Work to complete
Omit the pictures and return exactly the stretch of the material below from the line with "Marshberry Corporation" through the line with "Slenderella PJ3257 Women's".

Data for processing
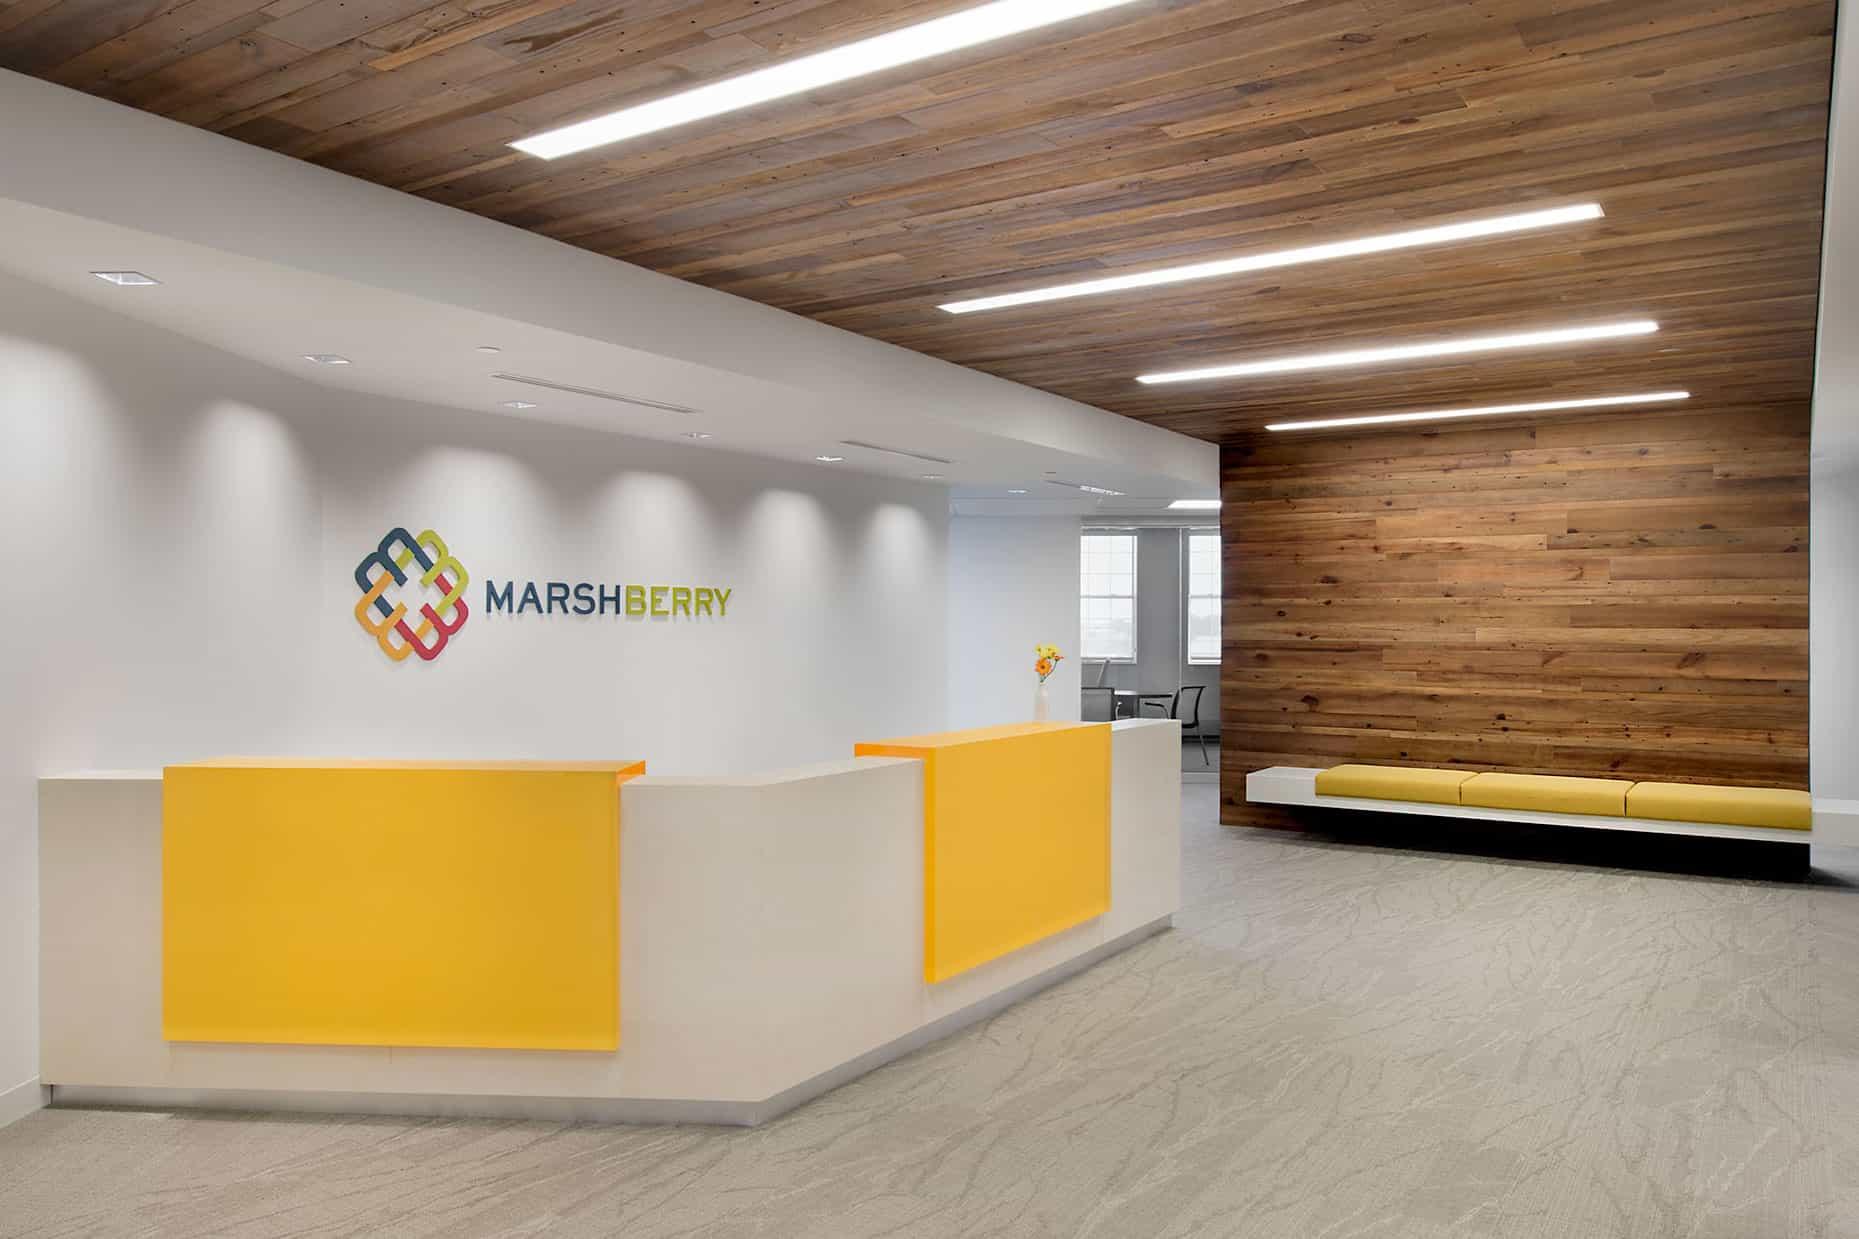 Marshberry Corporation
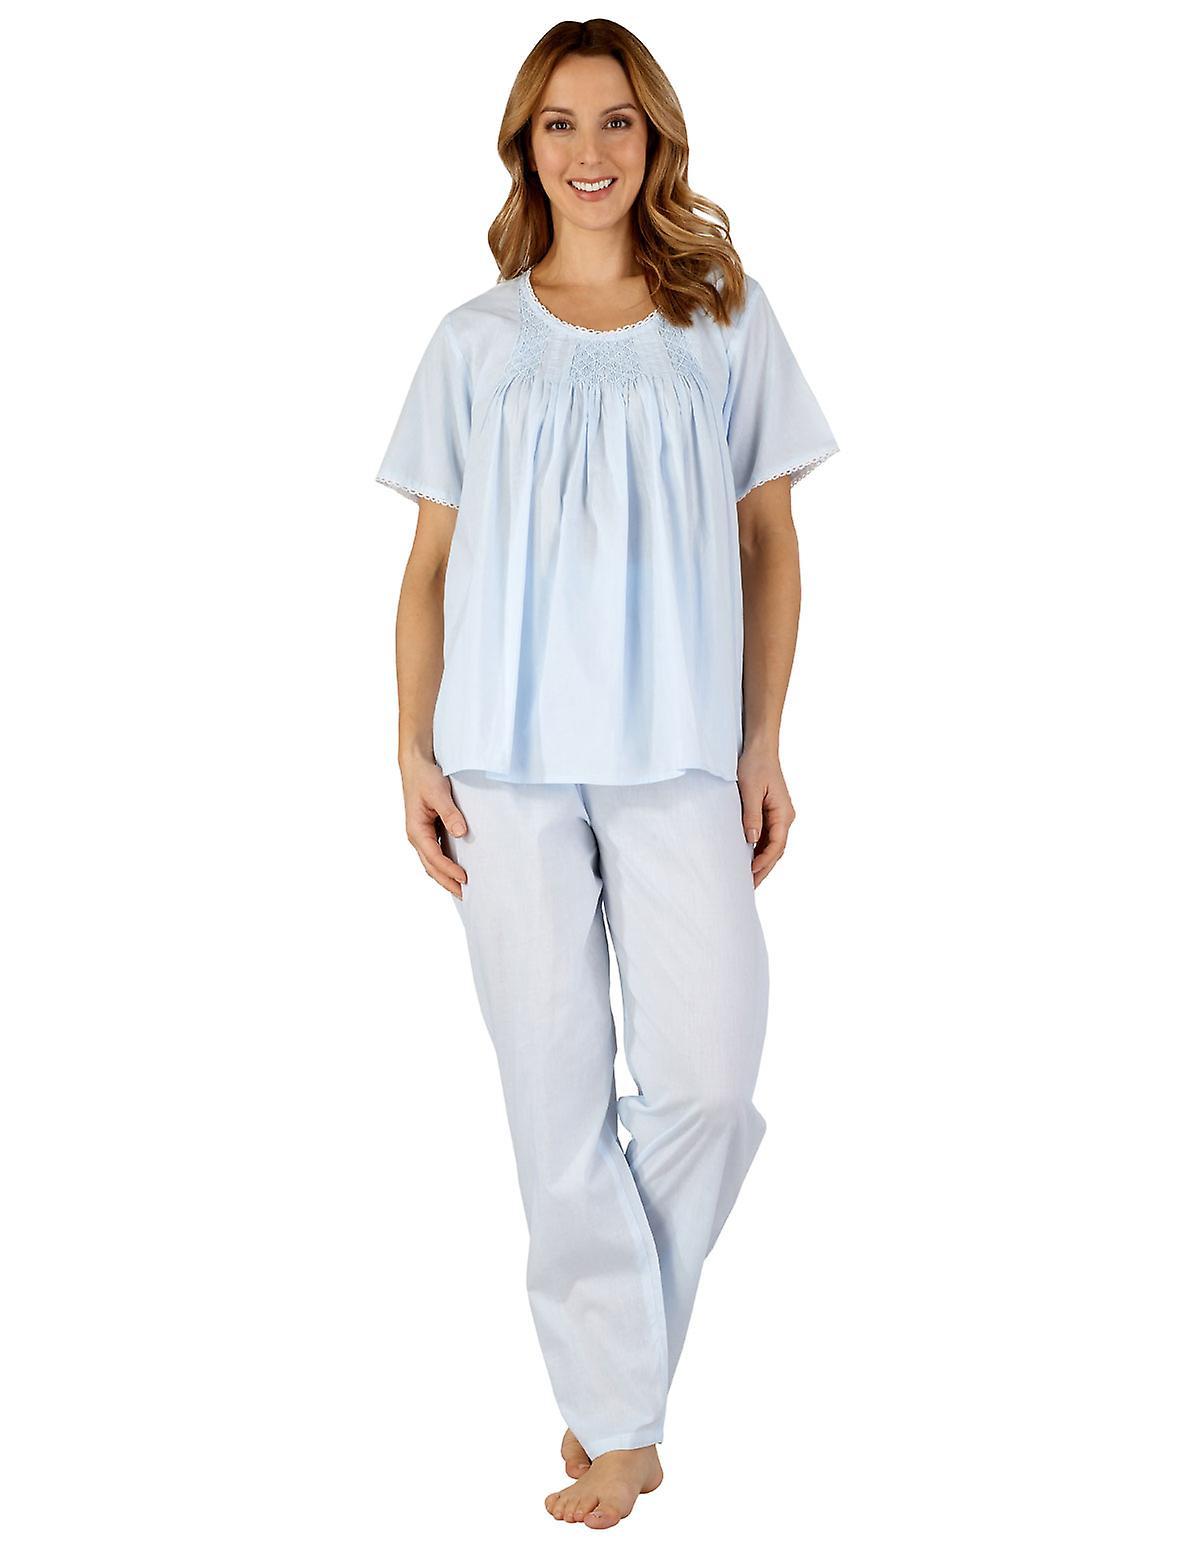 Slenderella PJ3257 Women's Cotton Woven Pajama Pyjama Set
---
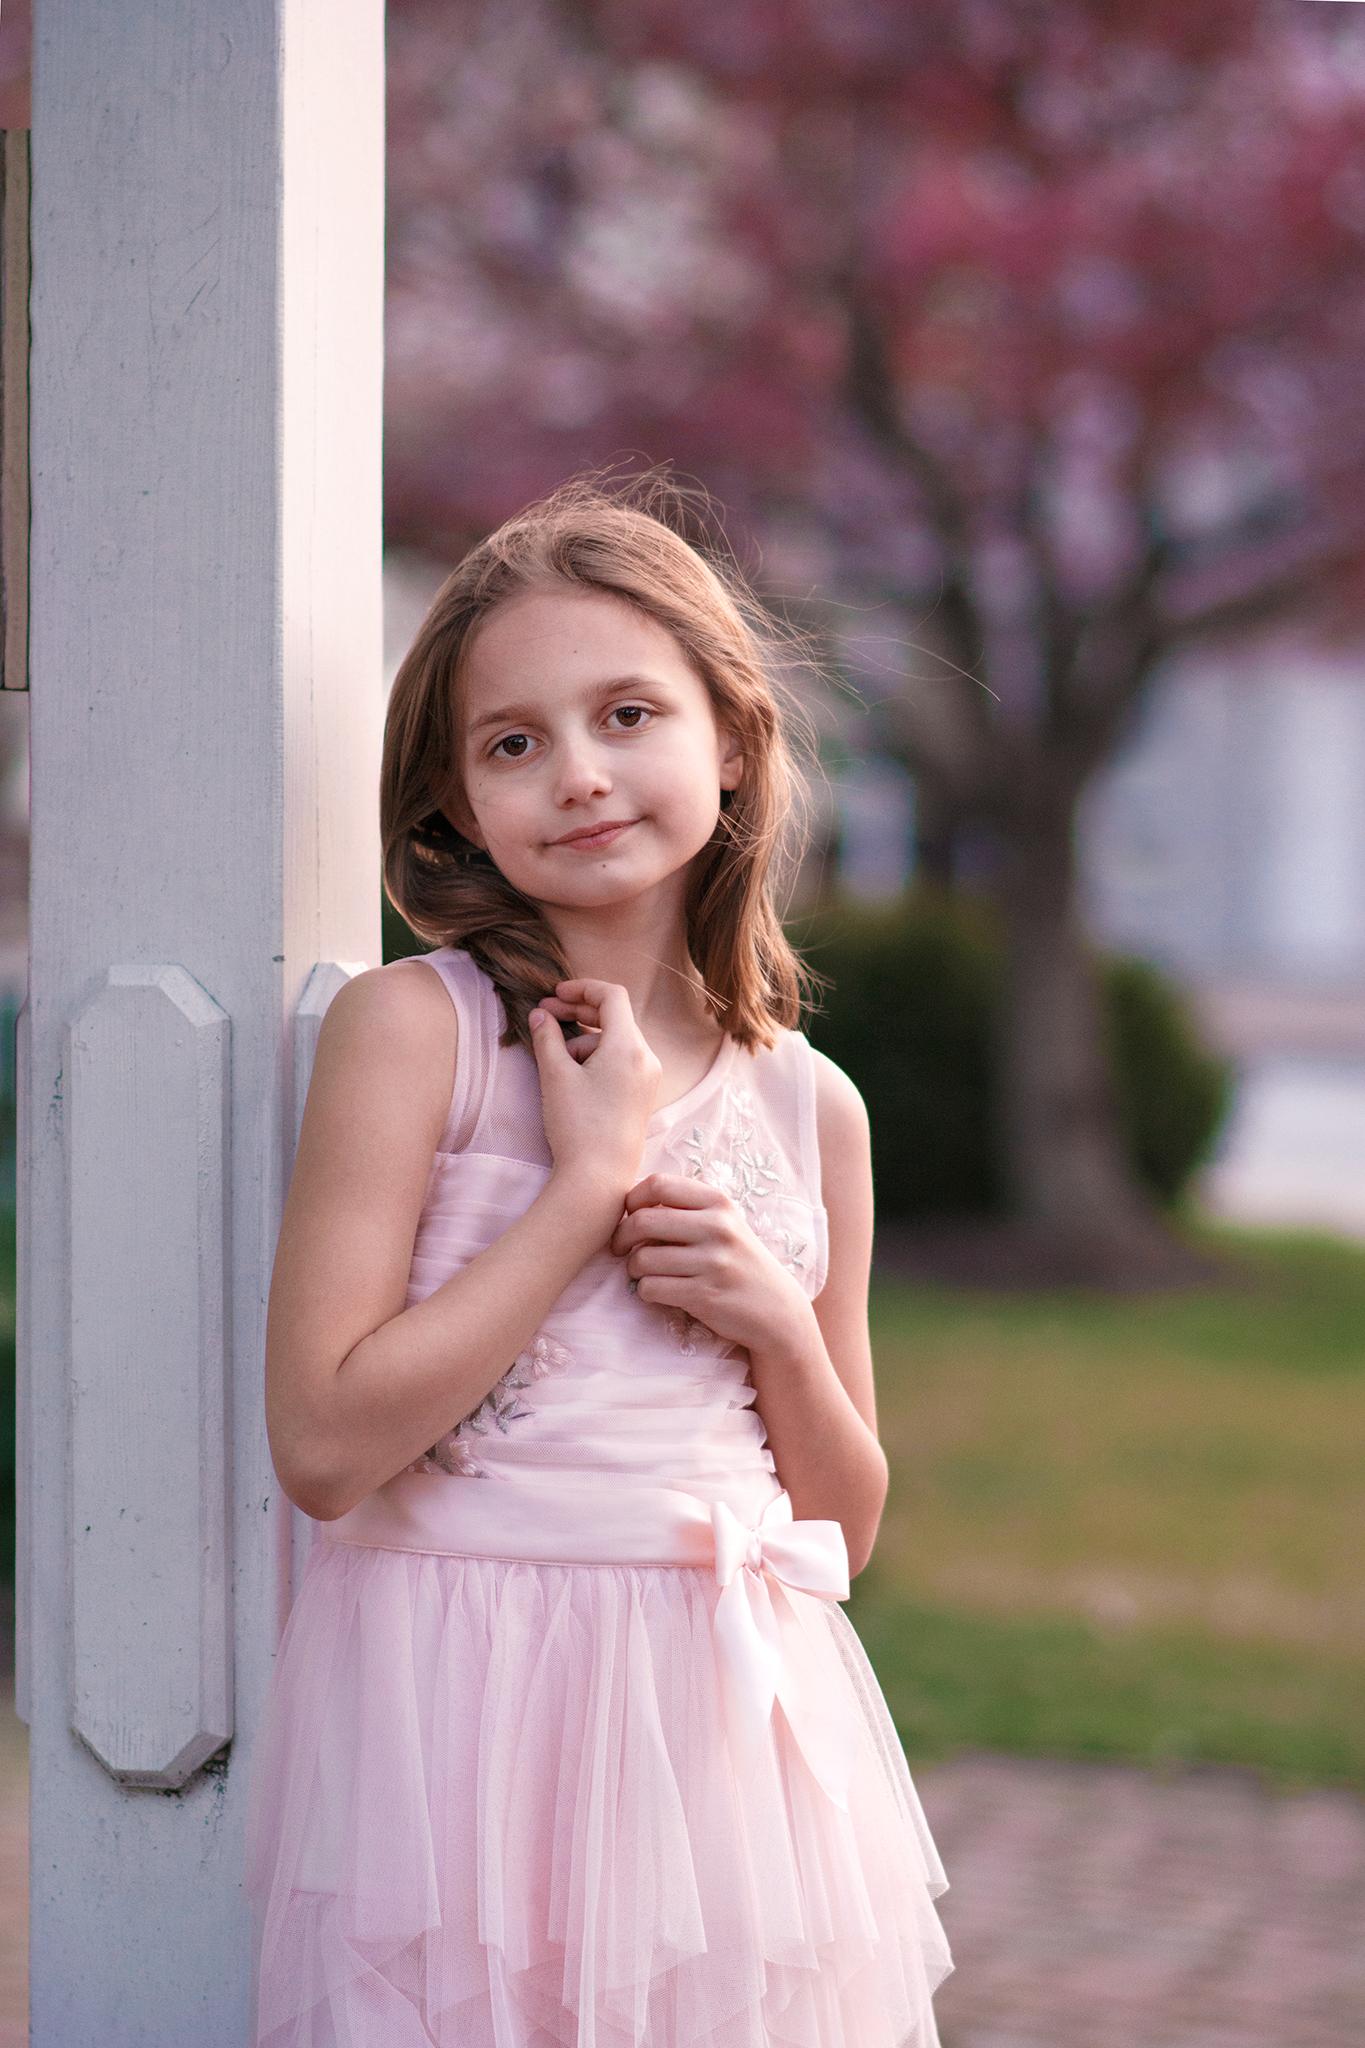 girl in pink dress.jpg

The answer
 Marshberry Corporation
 Slenderella PJ3257 Women's Cotton Woven Pajama Pyjama Set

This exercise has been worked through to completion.